I was forced to think about this on reading of the First World War project at Paddington Station in London, where a magnificent and moving statue of an unknown warrior stands. In full battle kit and helmet, he is reading a letter. As part of the commemorations marking the start of World War One, writers have been invited to write a letter to him, and Stephen Fry, wit, comedian and actor was amongst the first to write his, and it caused a sensation.

He wrote it as from a pacifist brother. Though he got historic details wrong – a pacifist would not be sitting at home then, he’d either be in prison or working on a farm, his letter moved many people. I’ve always been firmly behind conscientious objectors – (I like the moral high ground!) but this letter made me think hard about what was the right thing to do then, and how the right thing could very easily seem to be the wrong thing.

I thought about the horrific killings at schools and other places in the last few years, where deranged gun-owners shot numbers of their fellows, and if they didn’t end up shooting themselves, were shot, in order to stop them killing any more innocent victims. These incidents made me think when is it wrong to kill another human being, if there is no other way to stop them killing others. As pacifists do we stand and watch while others are killed, or do we intervene in whatever way we can, to protect the innocent?

This was actually the dilemma in the World Wars. Revisionist historians have said that there was no need for Britain to go to war in 1914. But Britain had informally agreed to support France if she was attacked in order to keep the balance of peace and power in Europe. More importantly, she had signed a pact in 1839 with four other countries of Europe, including Germany, to protect Belgium and allow this war-torn corner of Europe to enjoy being a neutral country, safe for the first time in history from being fought over. It was known as the cock-pit of Europe. It took the British Foreign Secretary, Lord Palmerston, nine years of diplomacy and negotiations to get the five signatories to agree to preserve Belgium, and they included France, Russia and England, and also Germany and Austria.
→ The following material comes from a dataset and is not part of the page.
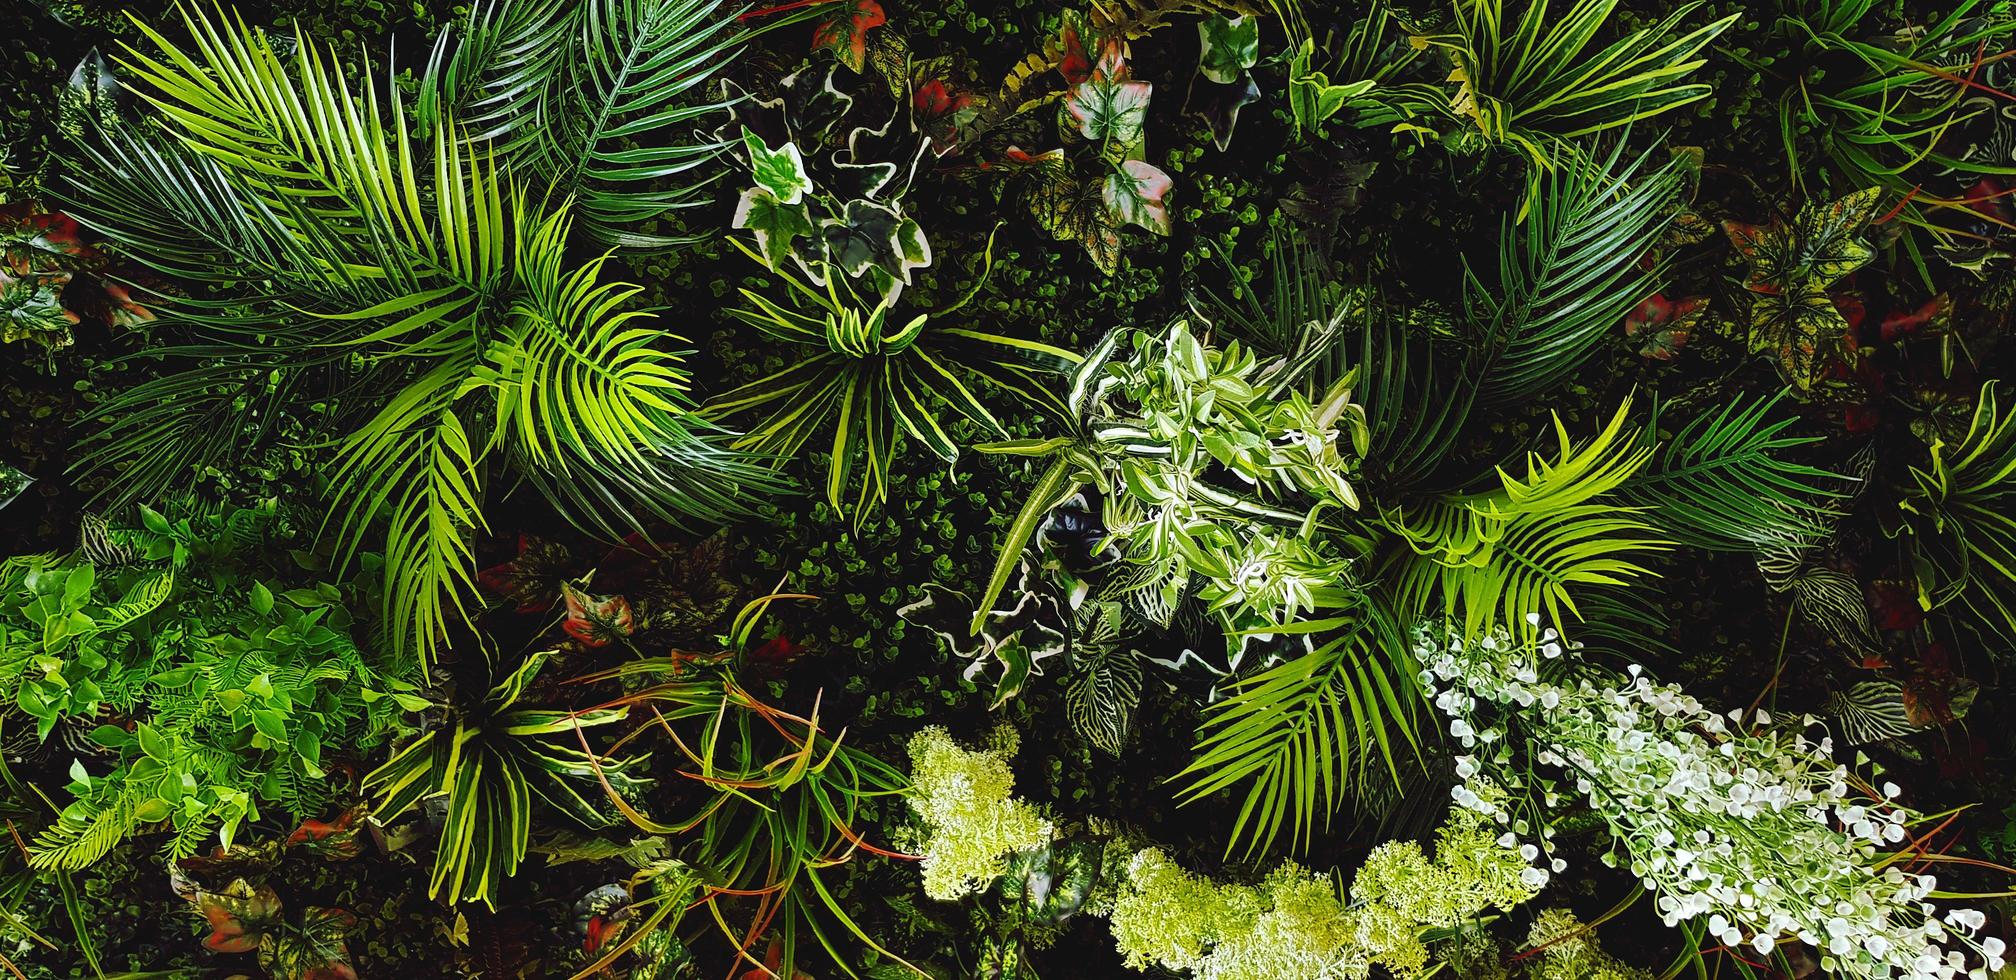 grüne Schlingpflanze, Rebe oder Efeu und rote Blätter Wand für den Hintergrund. natürliche Tapeten oder Naturmuster. Frische Saison foto

But Belgium was doomed as soon as the Prussian General Schlieffen began planning a war for German supremacy, because his plans for invading France, took in Belgium first. By then, under Bismarck’s influence, the German nation had become a military one. Invading Belgium didn’t bother them, though it did the honest German ambassador in London, Prince Lichnowsky, whose anguished telegrams begging the Kaiser not to invade, I have read.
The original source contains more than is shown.